◆ **Supplied information**
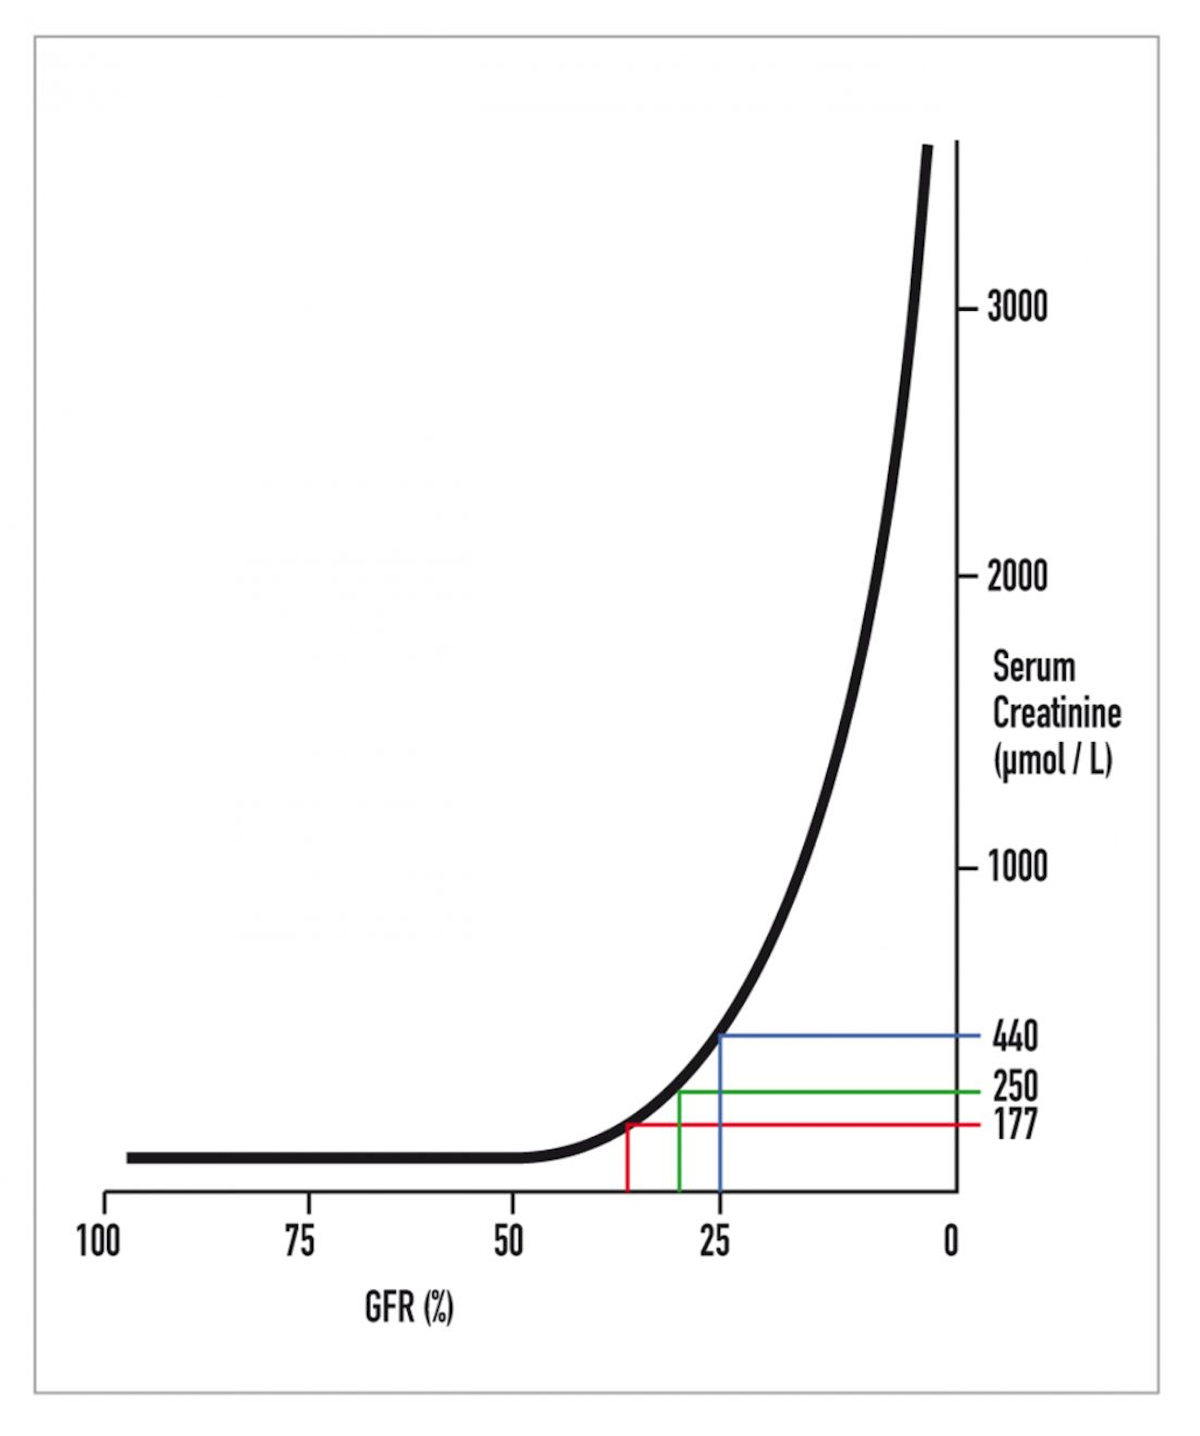 The curvilinear relationship between serum creatinine and glomerular filtration rate. 177 µmol/L represents a common upper reference interval in commercial laboratories and it can be seen clearly on the graph that a significant reduction in GFR occurs before creatinine is above this limit and azotemia is documented. 250 µmol/L is the upper limit for IRIS stage 2 CKD and 440 µmol/L is the upper limit for IRIS stage 3 CKD. 
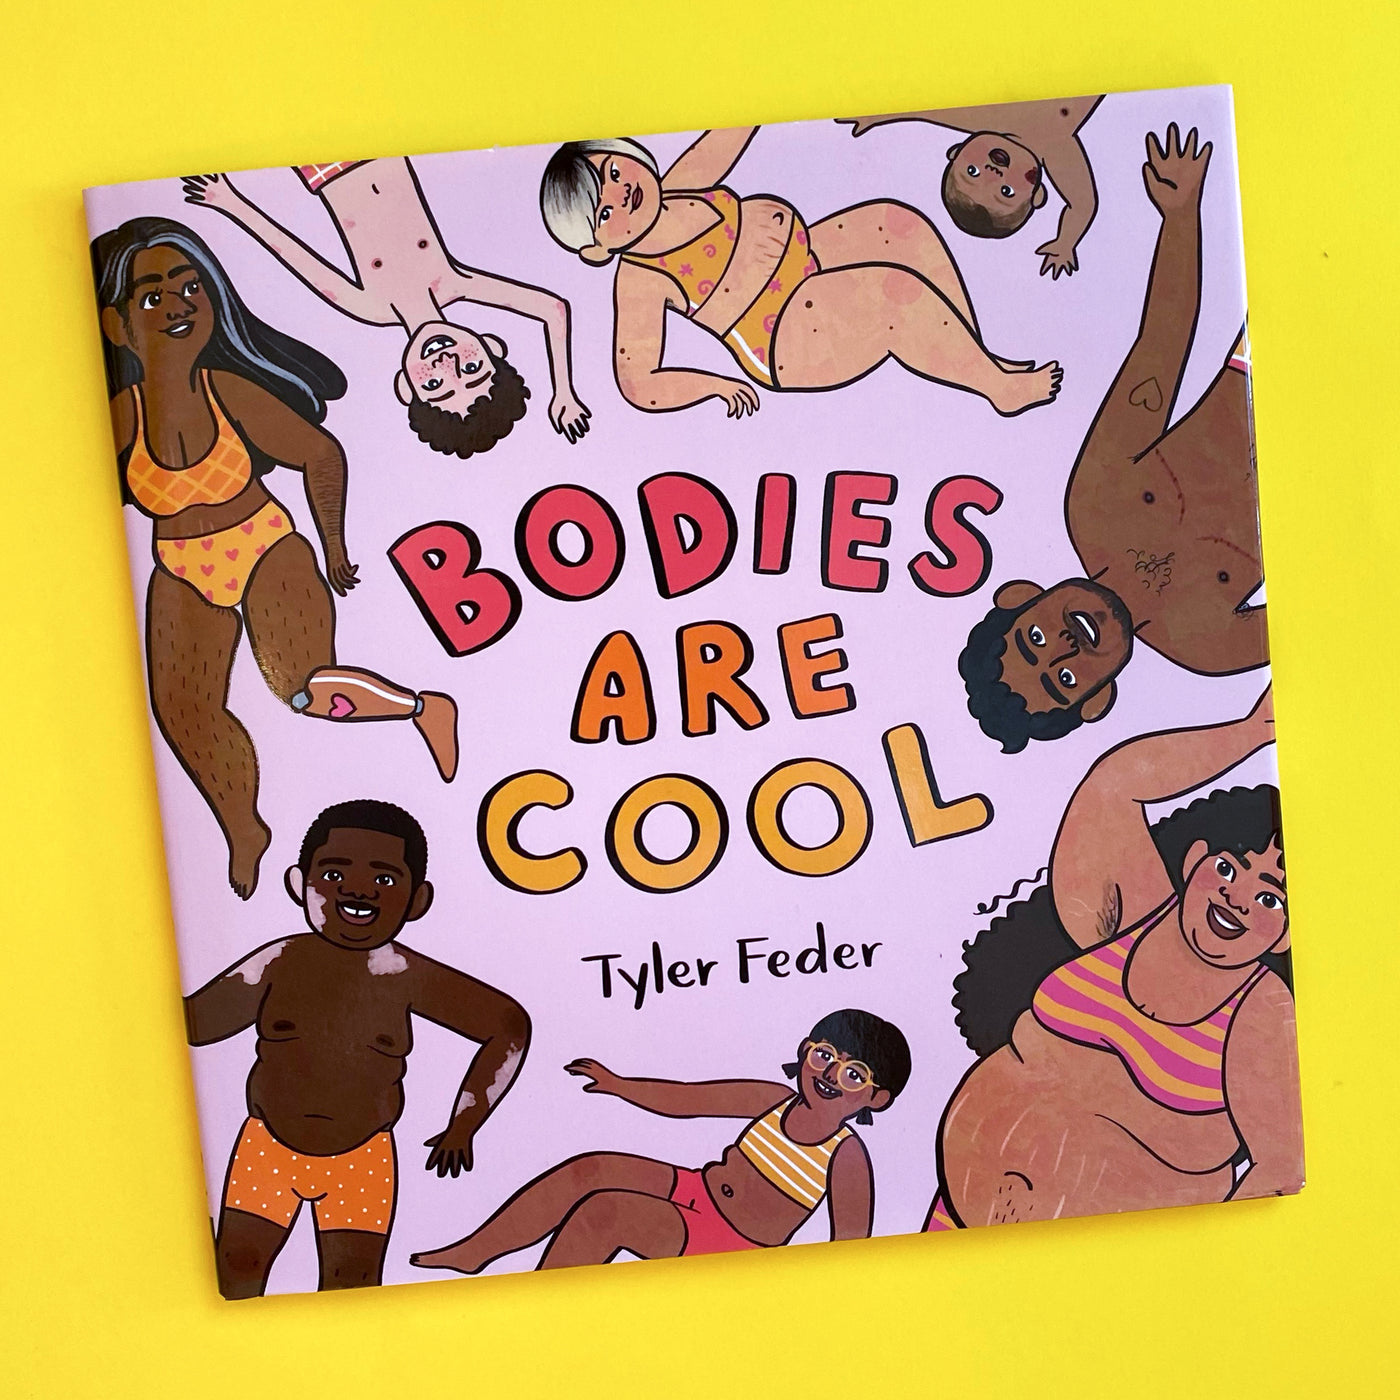 Bodies are Cool by Tyler Feder
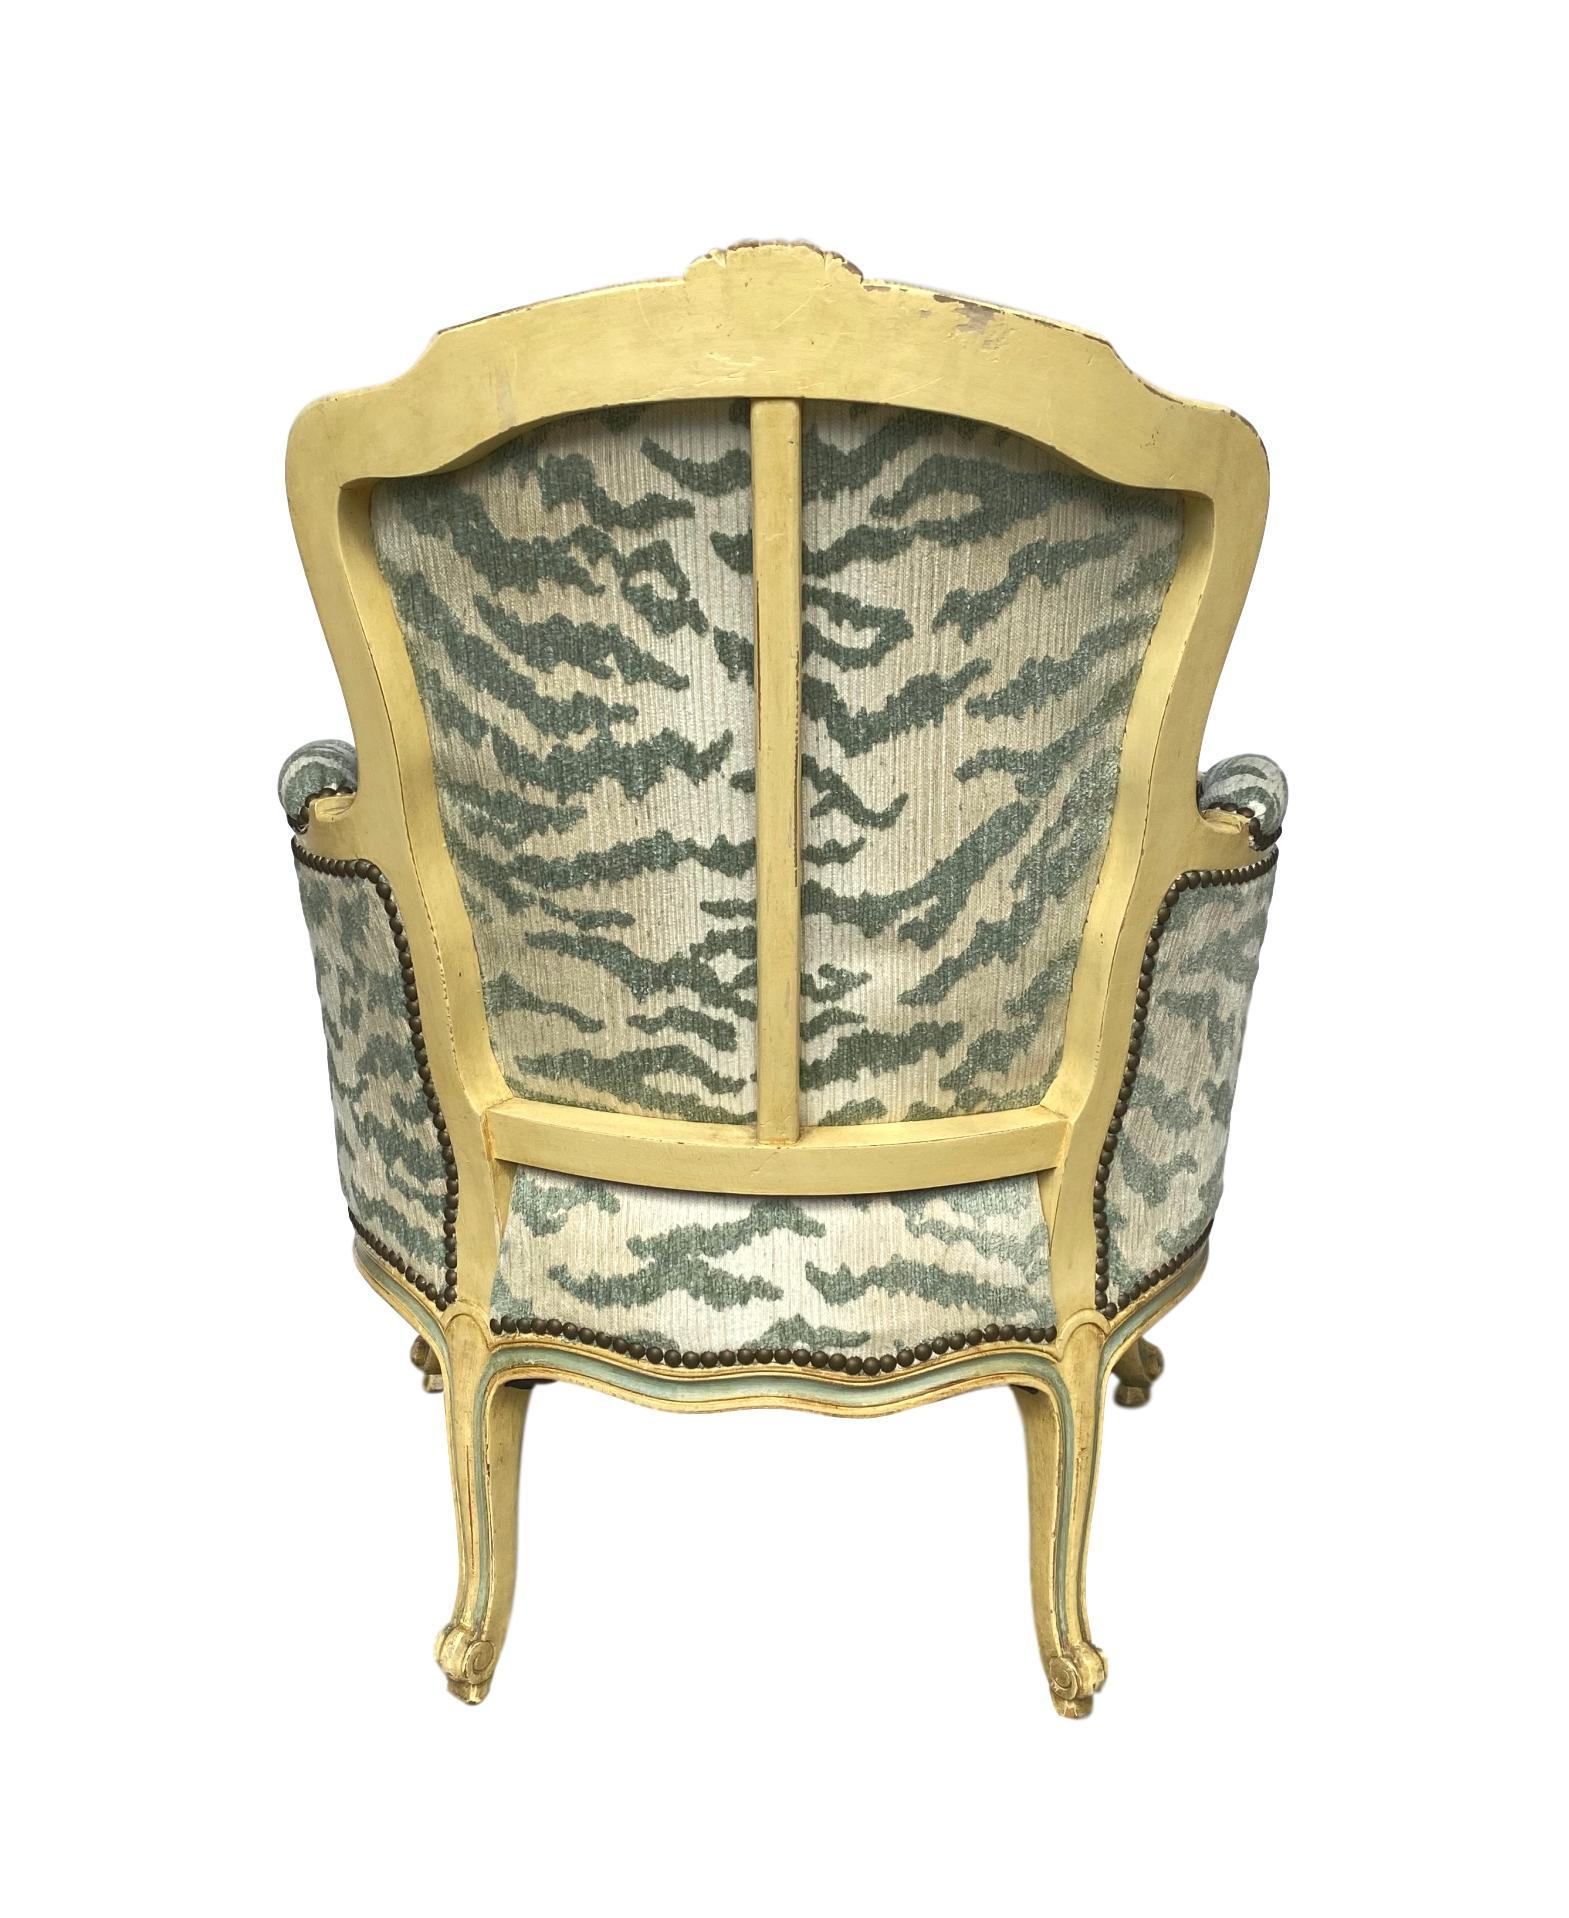 20th Century French Bergère Chair, Carved and Painted in Ivory and Celadon Newly Upholstered

◆ **Requirement**
Set out the material once more, exact in every line, with no images.

◆ **Task result**
 The curvilinear relationship between serum creatinine and glomerular filtration rate. 177 µmol/L represents a common upper reference interval in commercial laboratories and it can be seen clearly on the graph that a significant reduction in GFR occurs before creatinine is above this limit and azotemia is documented. 250 µmol/L is the upper limit for IRIS stage 2 CKD and 440 µmol/L is the upper limit for IRIS stage 3 CKD. 
 Bodies are Cool by Tyler Feder
 20th Century French Bergère Chair, Carved and Painted in Ivory and Celadon Newly Upholstered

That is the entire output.